En 1909, ceux qu’on appelle les « Jeunes-Turcs » veulent coûte que coûte moderniser l’empire Ottoman qui est constitué de nombreuses ethnies et religions. A la fin du XIXème siècle, on compte deux millions d’Arméniens, de confession chrétienne.
Les discours des Jeunes-Turcs sont emprunts d’un nationalisme exacerbé. Pour construire un nouvel État, il est nécessaire selon eux de « purifier » la « race » turque. C’est ainsi que commence le génocide des Arméniens d’Asie Mineure.
Dans un premier temps, les Jeunes-Turcs font déplacer les populations arméniennes. Les marches se déroulent dans des conditions épouvantables et sont la cause de nombreux morts.
En Occident, ces événements émeuvent l’opinion mais le sultan se justifie en arguant de la nécessité de déplacer les populations pour des raisons militaires. On est en effet en pleine Première Guerre mondiale.
C’est pourquoi, encore aujourd’hui, la plupart des Turcs se refusent à parler d’un génocide.
Comme l’explique Özge, jeune istanbuliote : « Pour les gens, les morts sont le résultat du déplacement, et non pas d’un génocide. D’ailleurs l’argument est souvent de dire qu’il y a eu des morts chez les Turcs aussi ! Mon mari m’a même demandé : Les Arméniens ont-ils fait une lettre d’excuse, eux ? »
Pourtant, les deux tiers de la population arménienne disparaissent pendant l’été 1915.

Les Arméniens n’ont jamais oublié les massacres et se battent depuis lors pour la reconnaissance de ce génocide.

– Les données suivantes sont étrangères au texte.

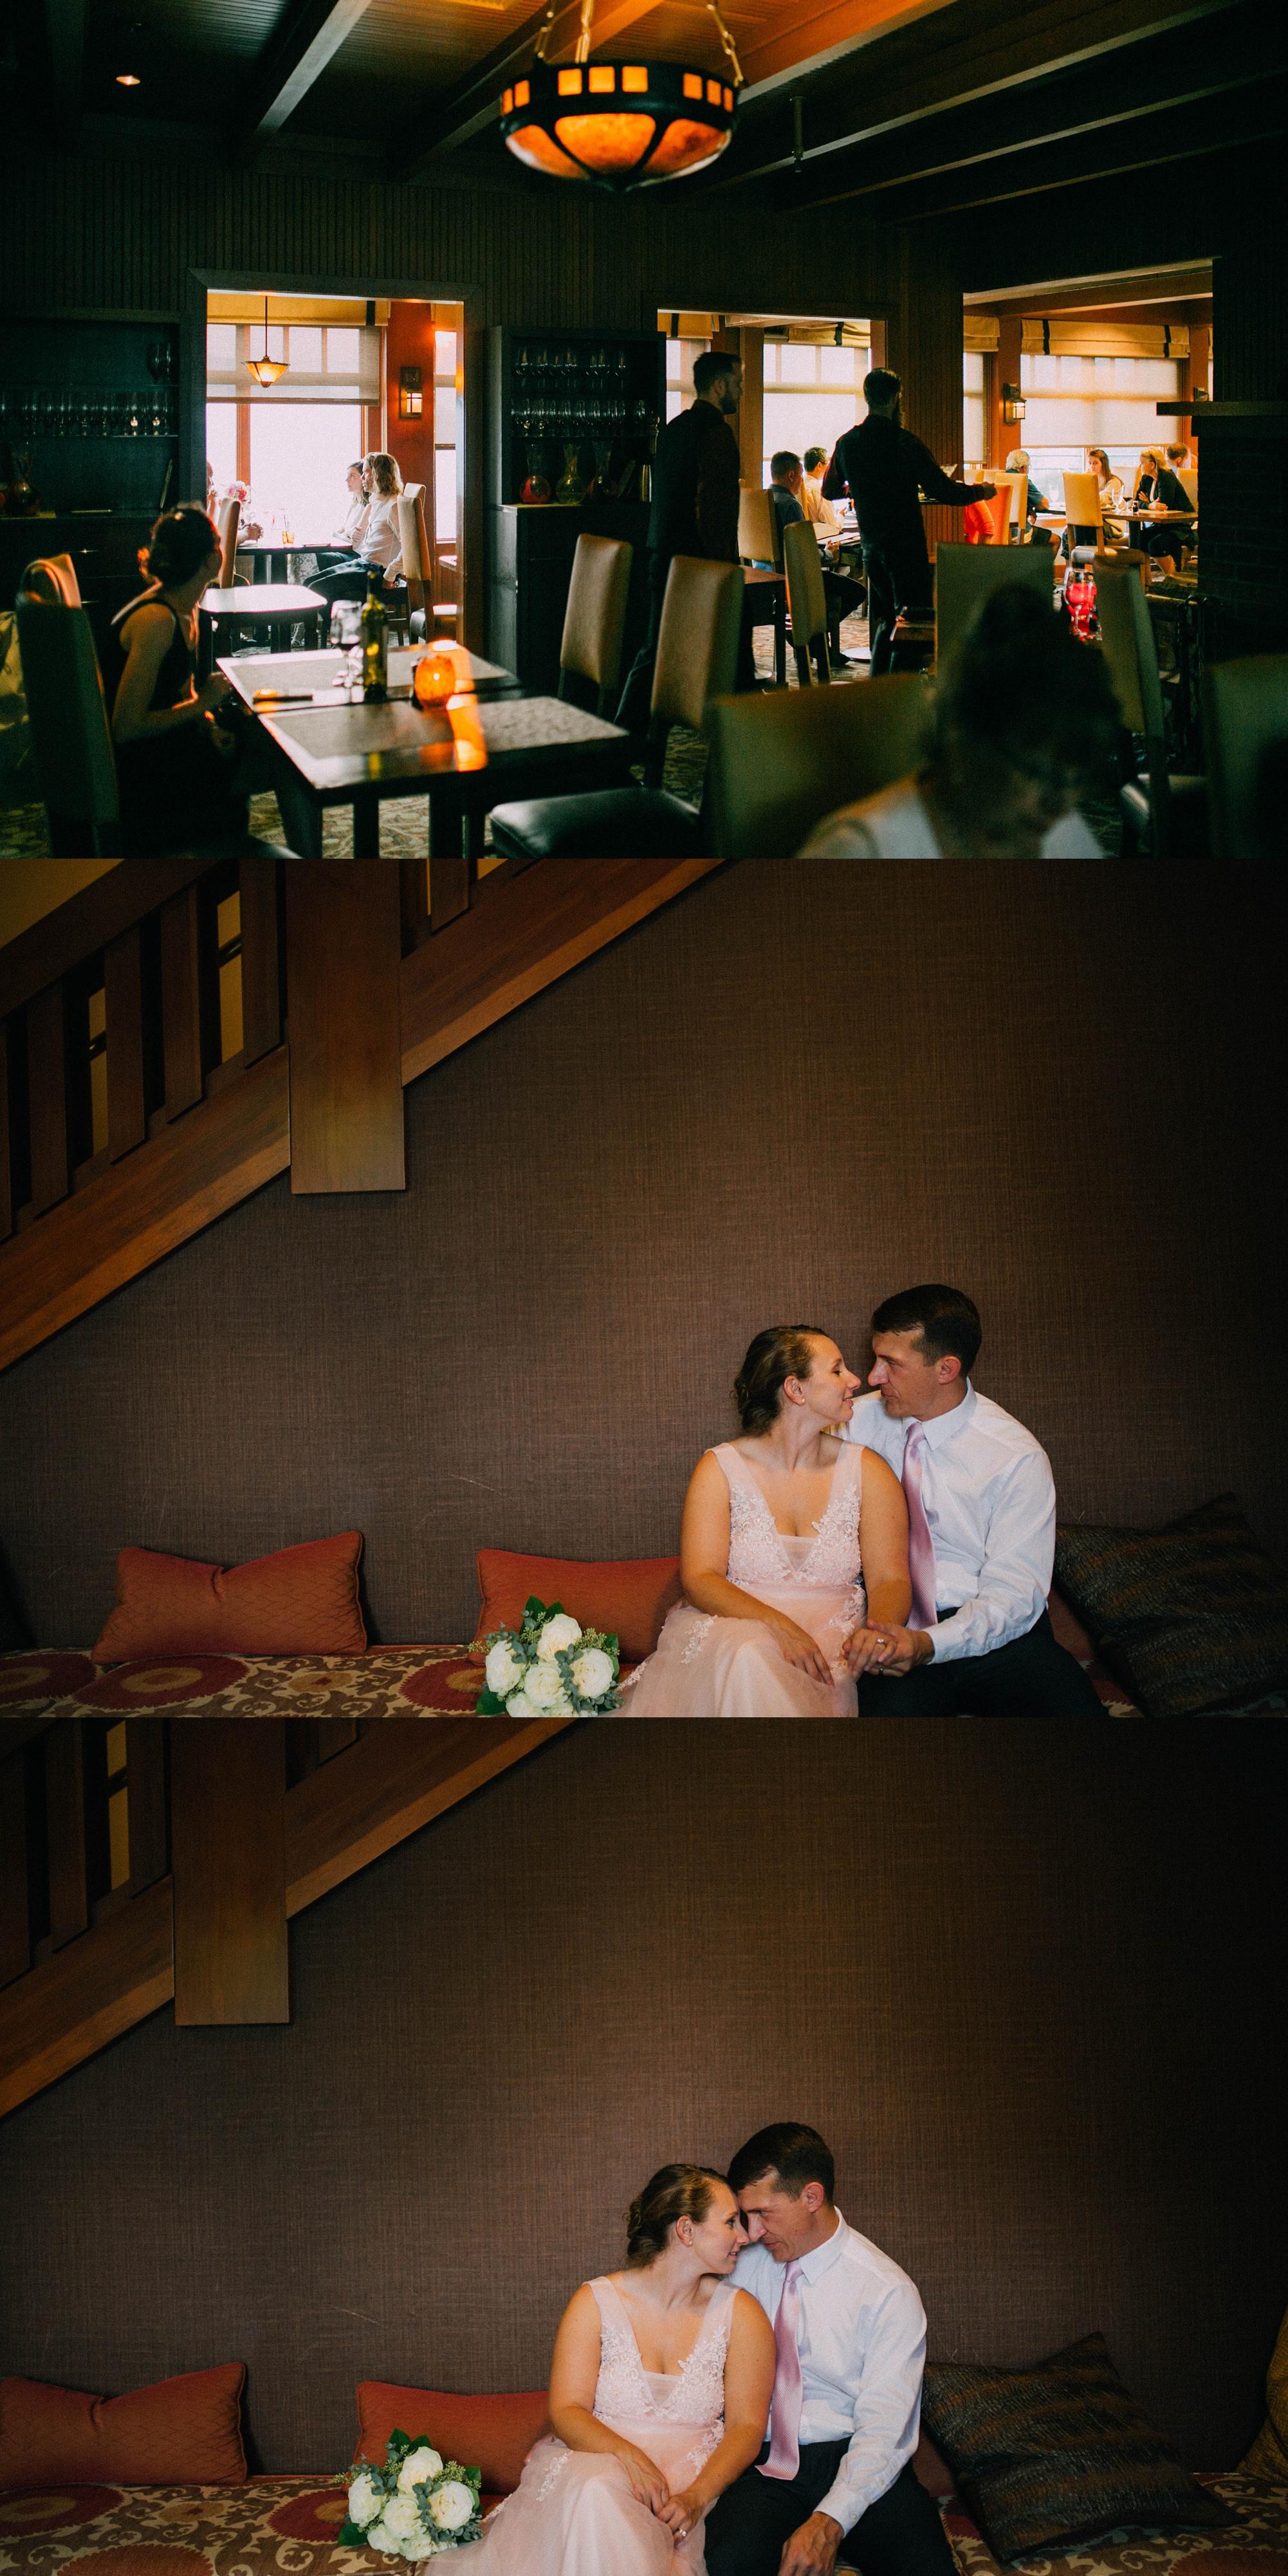 ashley_vos_seattle_ wedding_photographer_0491.jpg

Dans l’actualité récente, ce sont les négociations européennes pour l’entrée de la Turquie dans l’Union Européenne qui ont relancé le débat. En effet, l’UE avait envisagé la reconnaissance du génocide comme une condition pour l’intégration de la Turquie.

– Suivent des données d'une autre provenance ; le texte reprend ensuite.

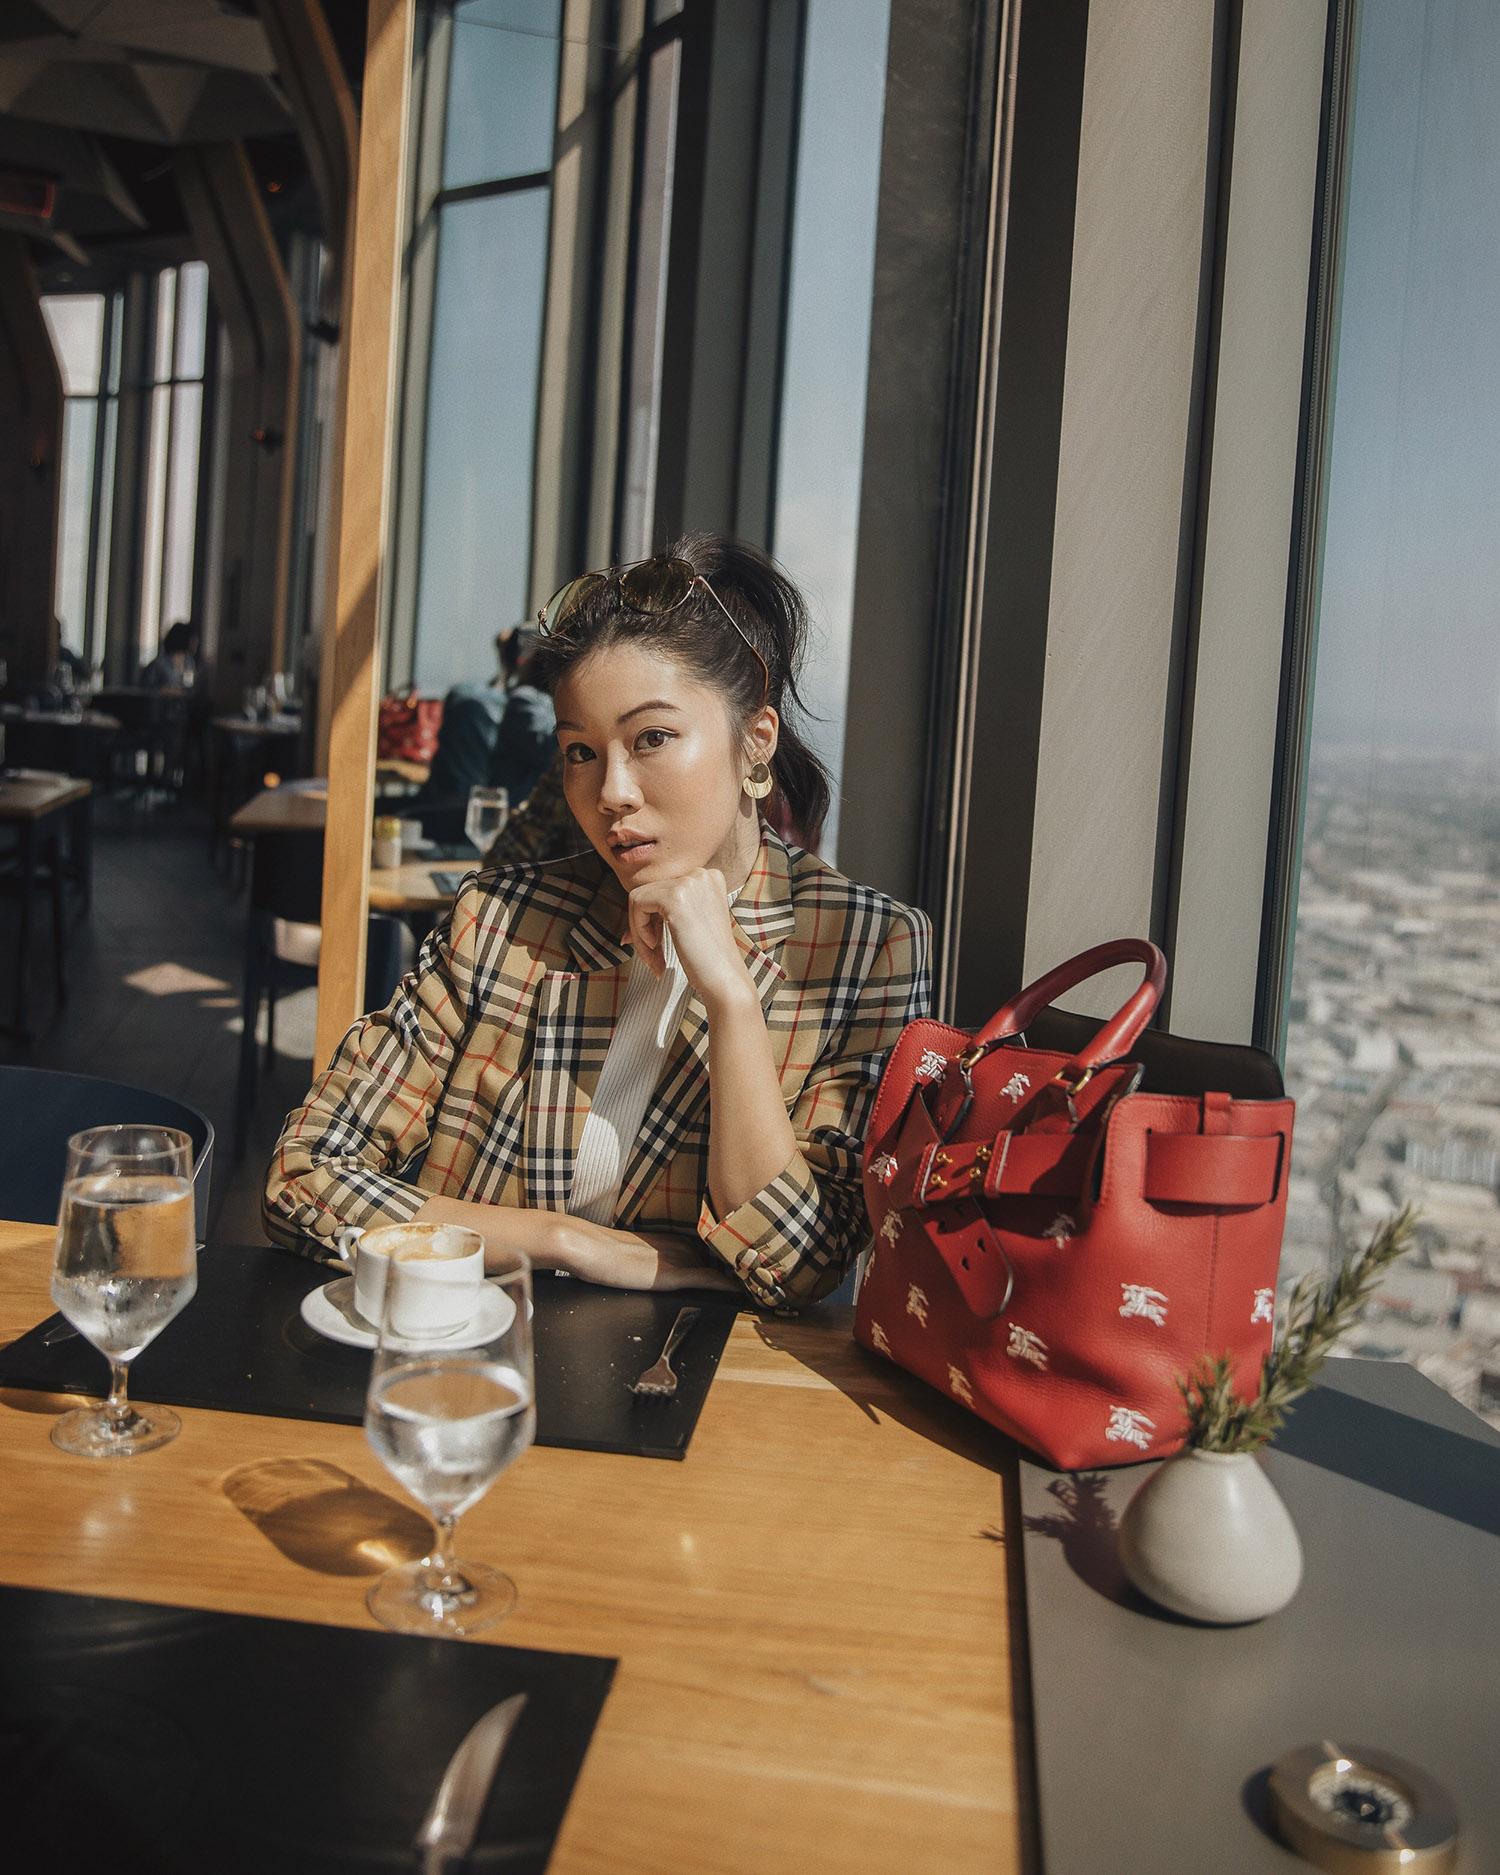 Jenny Tsang of Tsangtastic wearing burberry heritage check blazer exclusive belt bag plaid blazer outfit

Pour les Turcs, c’est une condition hypocrite :
« Les Européens se servent de cette condition comme excuse pour ne pas accepter la Turquie dans l’Europe. Ils savent très bien que le gouvernement turc ne reconnaîtra jamais le soi-disant génocide. » S’exclame Bahar, Française d’origine turque.

Question brûlante : pourquoi la Turquie s’obstine t-elle à nier le génocide, alors que des historiens et des rescapés ont pu prouver catégoriquement son existence ?
Tout d’abord, si l’État turc reconnaissait le génocide, il serait contraint de verser des « dommages et intérêts » aux Arméniens (comme l’Allemagne après la Shoah), ce qui représenterait un coût très lourd pour le pays.
Ensuite, et c’est plus grave, le pays serait sans doute amené à restituer des territoires à l’Arménie, territoires qui avaient été promis aux Arméniens avant le génocide.
Enfin, la négation de ce génocide est un moyen de garder intacte « l’identité nationale » turque, déjà malmenée ces derniers temps par le conflit entre laïcs acharnés et islamistes convaincus.
Le génocide arménien reste donc un sujet plus que tabou pour la Turquie ainsi que pour les puissances internationales. Celles-ci hésitent encore à reconnaître officiellement le génocide, de peur de froisser leurs relations avec l’État turc.
A noter qu’Israël a toujours refusé de reconnaître le génocide afin de conserver les relations privilégiées qu’elle entretient avec cet État, dont la population est majoritairement musulmane.

Cette pétition est donc une première pour la Turquie. Première qui ne semble pas bien vécue par la majorité des Turcs. La classe politique estime qu’une telle initiative sabote la paix nationale.
Malgré tout, il semble que l’impact de cette pétition soit moindre sur la population.
Özge le confirme : « Je ne pense pas que la pétition va faire bouger les choses, il faudrait plutôt former un groupe de réflexion, composé de personnes des deux côtés. Ici, les gens s’en fichent plutôt, ce n’est pas vraiment d’actualité. »
Selon le site Internet d’Europe 1, la pétition a tout de même recueilli 27.000 signatures à ce jour.
Rappelons que la Turquie ne fait pas figure d’exception. D’autres génocides n’ont malheureusement jamais été reconnus par les États fautifs.